The test substance was administered daily by oral gavage to 10 male and 10 female Wistar Han rats at doses of 0 mg/kg bw/day (test group 1), 10 mg/kg bw/day (test group 2), 30 mg/kg bw/day (test group 3) and 100 mg/kg bw/day (test group 4) for at least 90 consecutive days.

The following parameters and end points were evaluated in this study: clinical signs, body weights, body weight gains, food consumption, functional observational battery, motor activity, ophthalmology, thyroid hormone assessment, clinical pathology parameters (hematology, coagulation, serum chemistry, and urinalysis), spermatogenesis evaluation, gross necropsy findings, organ weights, and histopathologic examinations.

All animals survived to the scheduled necropsy. There were no test substance-related clinical observations or effects on body weight, hematology, coagulation, or urinalysis. There were no test substance-related ophthalmic, macroscopic, microscopic findings, or effects on ovarian follicle counts, thyriod hormones (T3, T4 or TSH levels), sperm morphology or differential counts.

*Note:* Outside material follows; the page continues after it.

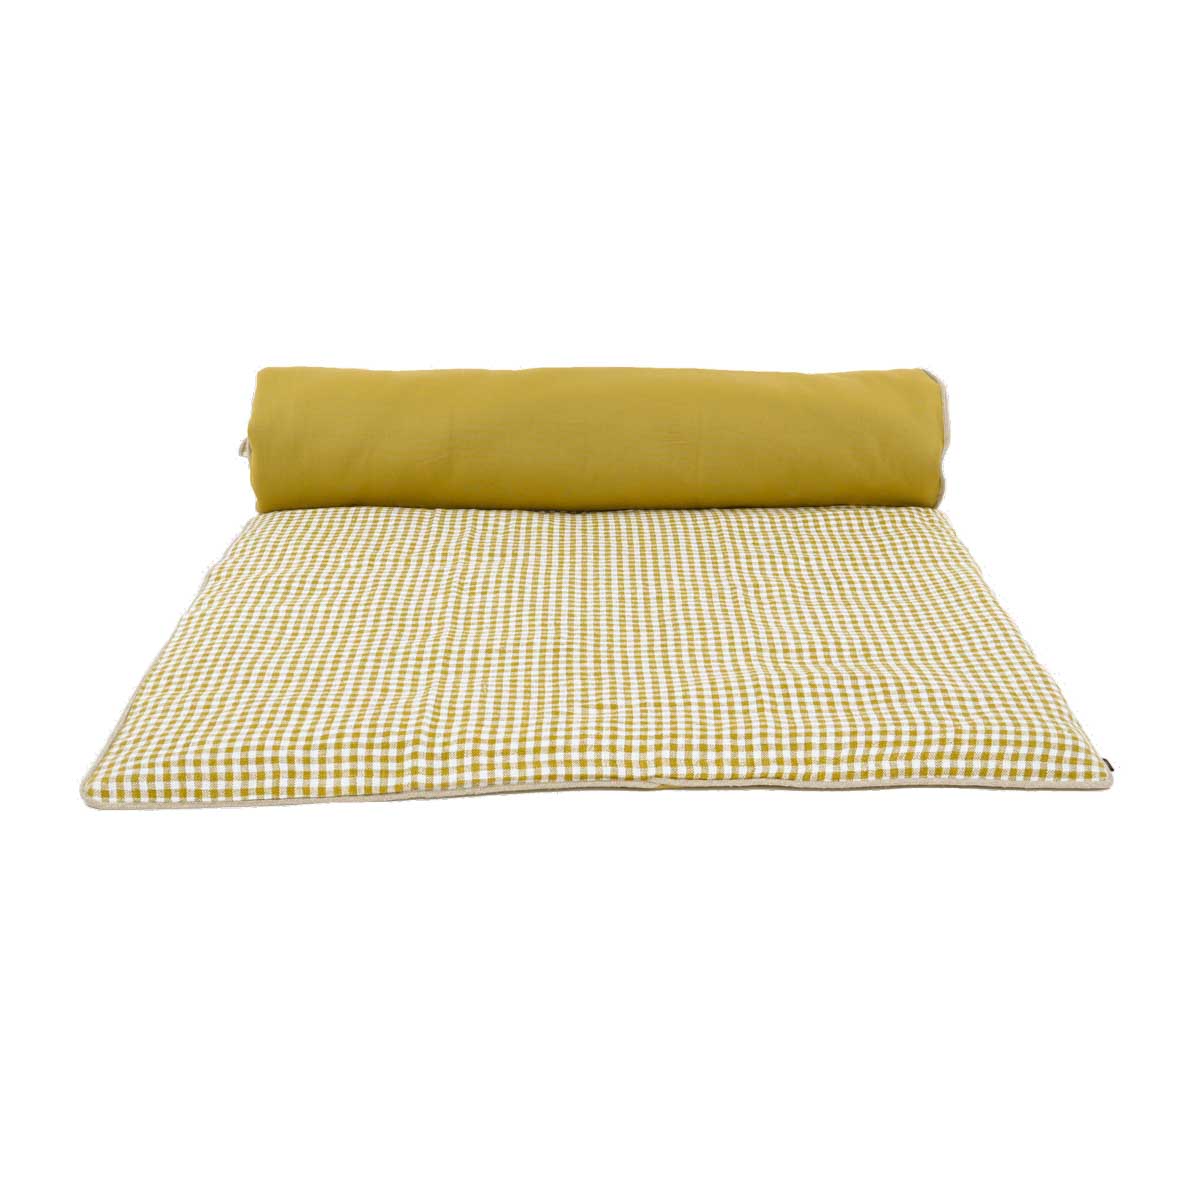 edredon-bout de lit en lin carreaux piana 85x200 cm jaune citrus-harmony haomy

Test substance-related higher food consumption was noted in the 100 mg/kg/day group males and females (Days 1–90), and in the 30 mg/kg/day group males (Days 29–90), compared to the control group.

Test substance-related higher cholesterol and potassium, and lower mean chloride levels were noted in the 100 mg/kg/day group males on Week 13, compared to the control group.

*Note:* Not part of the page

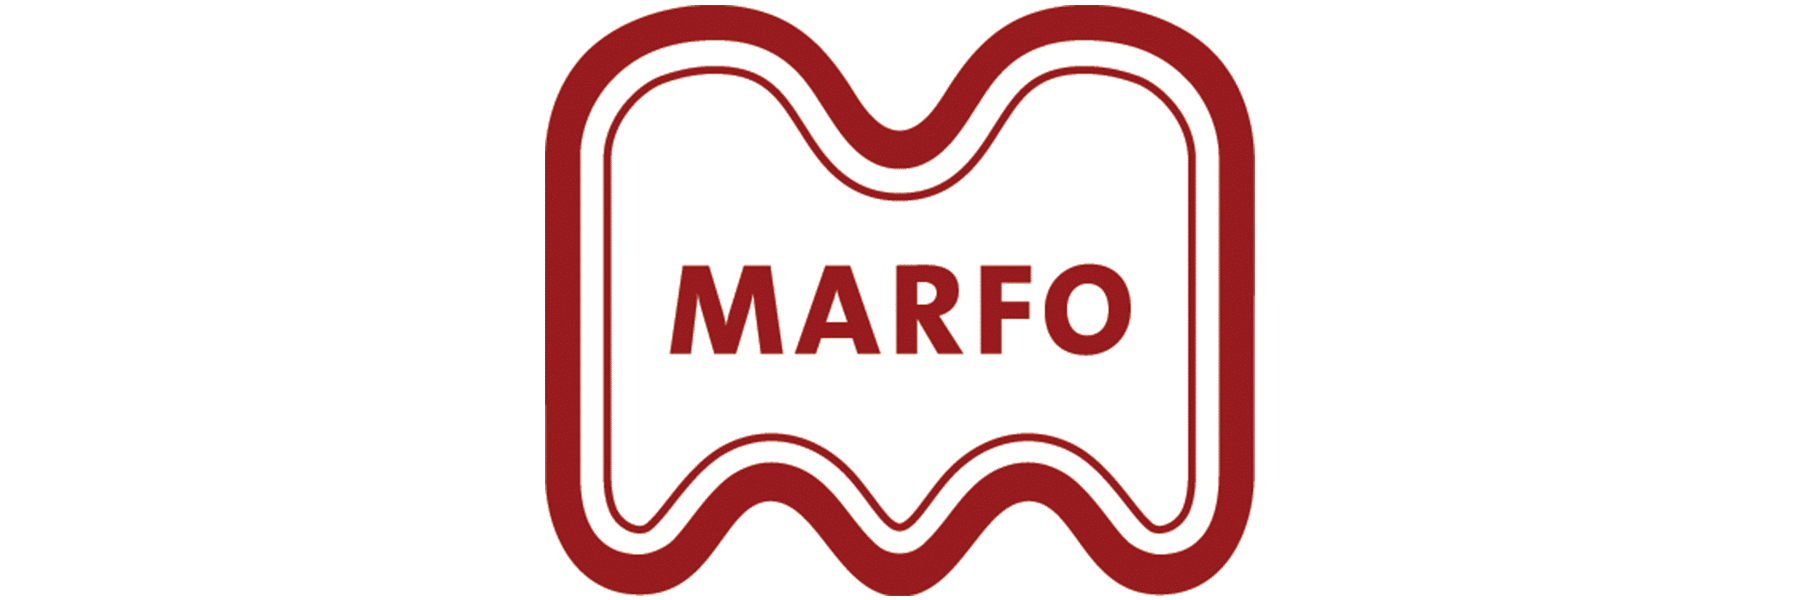 Marfo bv / Chef Martin

Test substance-related higher mean organ weights were noted in the liver and thyroid/parathyroid gland of the100 mg/kg/day group males. Higher mean kidney weights were present in the 100 mg/kg/day group males, and lower mean thymus weights were seen in the >10 mg/kg/day group females, but relationship of these to the test substance was considered uncertain.

Based on the results of this study, oral administration of the test substance to Wistar Han rats at dosage levels of 10, 30, and 100 mg/kg/day for a minimum of 90 days was well tolerated at all dosages. Therefore, the no-observed-adverse-effect level (NOAEL) was considered to be 100 mg/kg/day.